Data center dynamics

Power consumption and cooling of mission critical IT facilities remains a key concern, according to professionals who attended DatacenterDynamics New York.

For TFM‘s coverage of this topic, see “Ensuring The Data Center” from the archives.

George Rockett, conference director, DatacenterDynamics says, “The data center industry may be booming, but there is a fundamental need to address power, cooling, and knowledge issues. Increasing power densities, whether they are from networked storage, communications equipment and or more commonly from servers, are all contributing. The move to towards blade servers for example, has enabled dramatic increases in server density and performance with improved flexibility, reliability and reduced costs. However, the associated power and cooling requirements are necessitating a redesign of existing data centers as well as a rethink of the way that new data centers and LAN environments are deployed. Although the introduction of multi-core processors is touted as one solution, they are a short term answer to what is a long term problem. From ASHRAE to IBM and APC the delegates discussed the design, architecture and implementation methods for dealing with blade server cooling, and options and practical solutions for new, retrofit and existing environments.”

Rockett continues, “Another key issue facing large organizations is whether ownership of the data center should reside with Facility or IT management. There exists a lack of understanding between these two disciplines which is undoubtedly leading to problems.

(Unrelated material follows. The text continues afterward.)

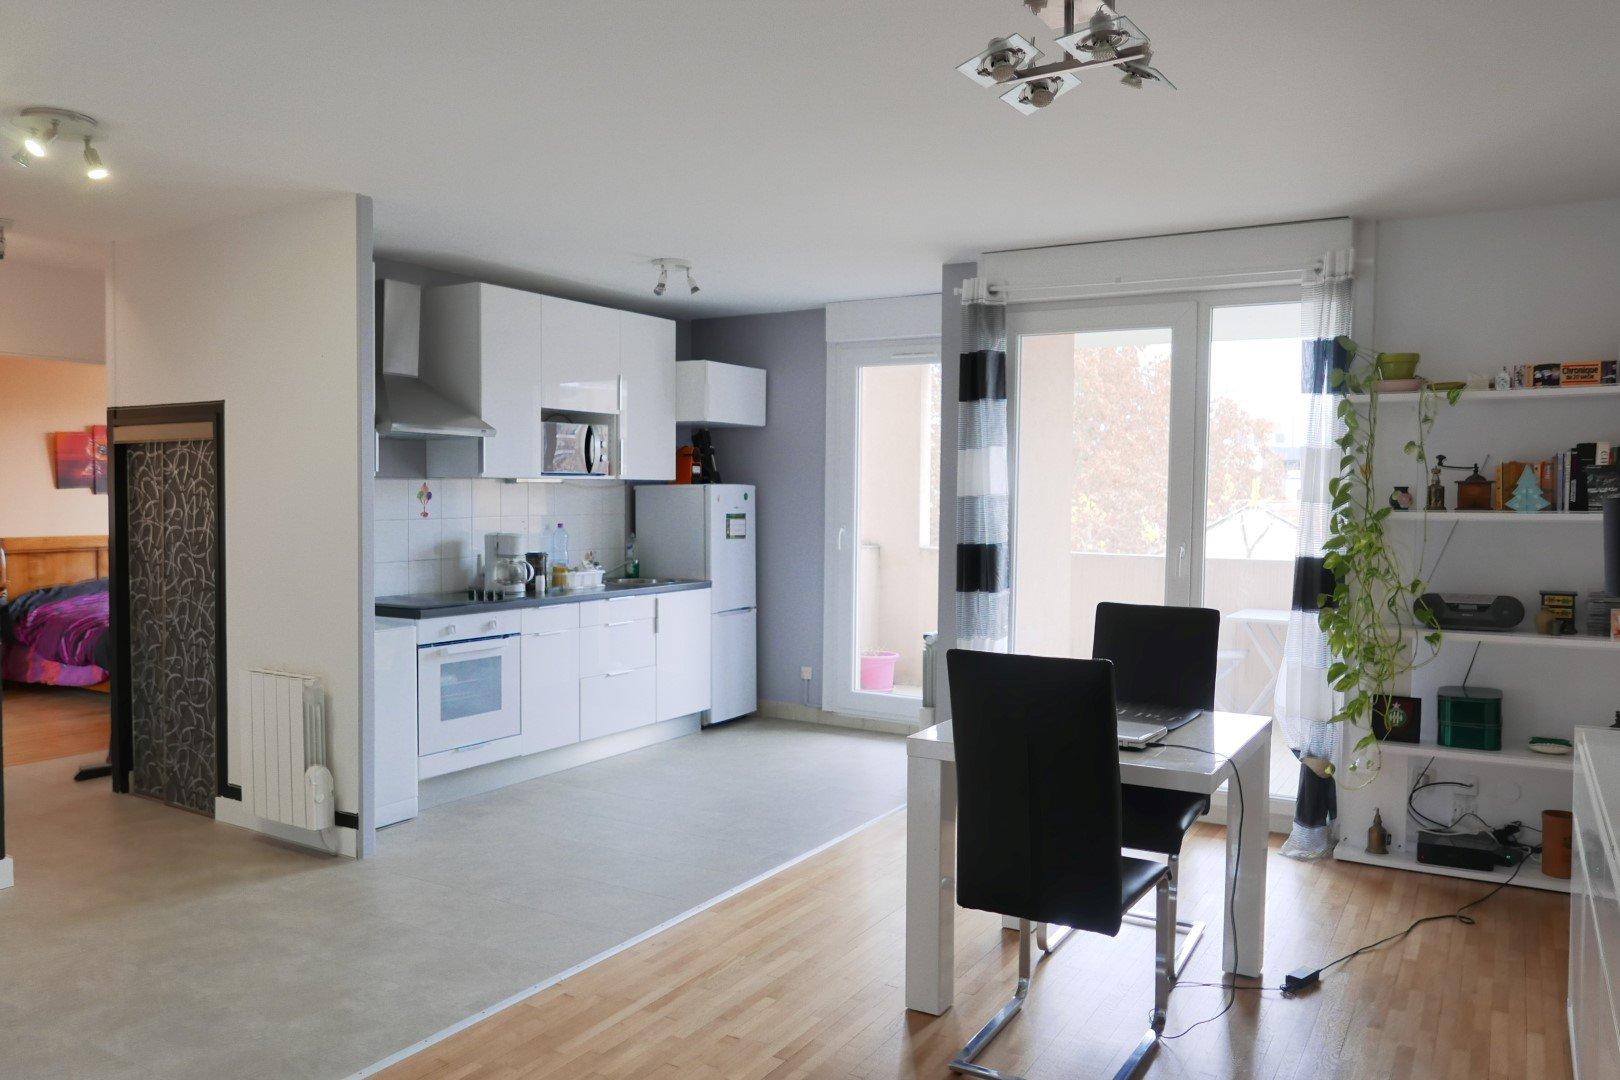 Achat Appartement Surface de 56.04 m², 2 pièces, Villeurbanne (69100)

IT wants to run more applications and demands greater scalability, and this requires better hardware. But adding more hardware presents engineering problems and IT needs to recognize this. Similarly, the guy providing services into the datacenter needs to understand that as value of data has grown, the high cost of downtime and the penalties served by regulatory bodies have brought facilities sharply into focus for corporate executives.”

He concludes “What’s clear is that these are truly global problems. We have delegates attending not just from local markets but flying in from all over the globe to attend our events and they are all talking power, cooling and the need for standardized training.”

Other topics discussed included:
The return of liquid cooling to data centers. A key theme was the return of chilled water to data center environments. Stephen Worn, global conference chairman says: “Given the shear power needed, the requirement for liquid cooling to remove heat generated from IT equipment, isn’t just an option, in many cases it is the only solution. As the IT market continues to focus on maximizing the number of server blades per enclosure, traditional air-cooled server cabinets often cannot support the dramatic escalation in heat loads and new solutions are required. Enclosure-based liquid-cooling solutions not only represent next-generation cooling strategies, offering more effective heat transfer and removal from high-density installations, they are the ideal solution for the compact environments within the New York metropolitan area.”

“Conventionally cooled data centers are facing almost overwhelming problems regarding the cooling of high performance servers, with CRAC systems having a notional cooling limit of 3-5kW per cabinet. The problem many delegates face is that their cooling requirement per rack greatly exceeds this level. The event showcased very latest water-cooled thermal solutions which offer a dramatic advance in cooling capacity and can also achieve significant reductions in overall operating cost. We saw a range of solutions discussed and insight into the latest cooling options presented by experts from around the world, solutions included everything from entry level up to 35kW per single cabinet.”

Energy efficiency. The need control energy bills was also a hot topic, Worn comments, “As loads increase and vendors continue to pack more servers into a smaller footprint, energy costs rise as does the demand on the mission critical infrastructure. The cost of power and its efficient delivery was one of the top issues throughout the day, and discussing the ‘The Power Gap’ came from every direction – from maximizing data center energy efficiency through power-saving designs, technologies and DC-based solutions, through to scalable UPS systems, and battery versus rotary solutions. Data center operators must look to design for thermal management, cooling performance and energy transmission efficiency in the next 18 months to manage and limit the predictable high density power and cooling costs.”

Design issues. The aging data center stock brought fiber and total network/transport layer design issues to the fore. Worn says, “Fiber management represents a minor portion of the capital outlay in a datacenter, in fact the total cost can be less that 3%, however the role of this fundamental medium is critical to the reliability and availability of operational high capacity systems, and with ever increasing server densities fiber design, implementation and management is even more mission critical. From poor installation, the limitation in this medium, to rushed ongoing commissioning proper fiber management, the event highlighted the role of ensuring fiber integrity in terms of getting business to zero downtime to protect the life blood of the enterprise – data.”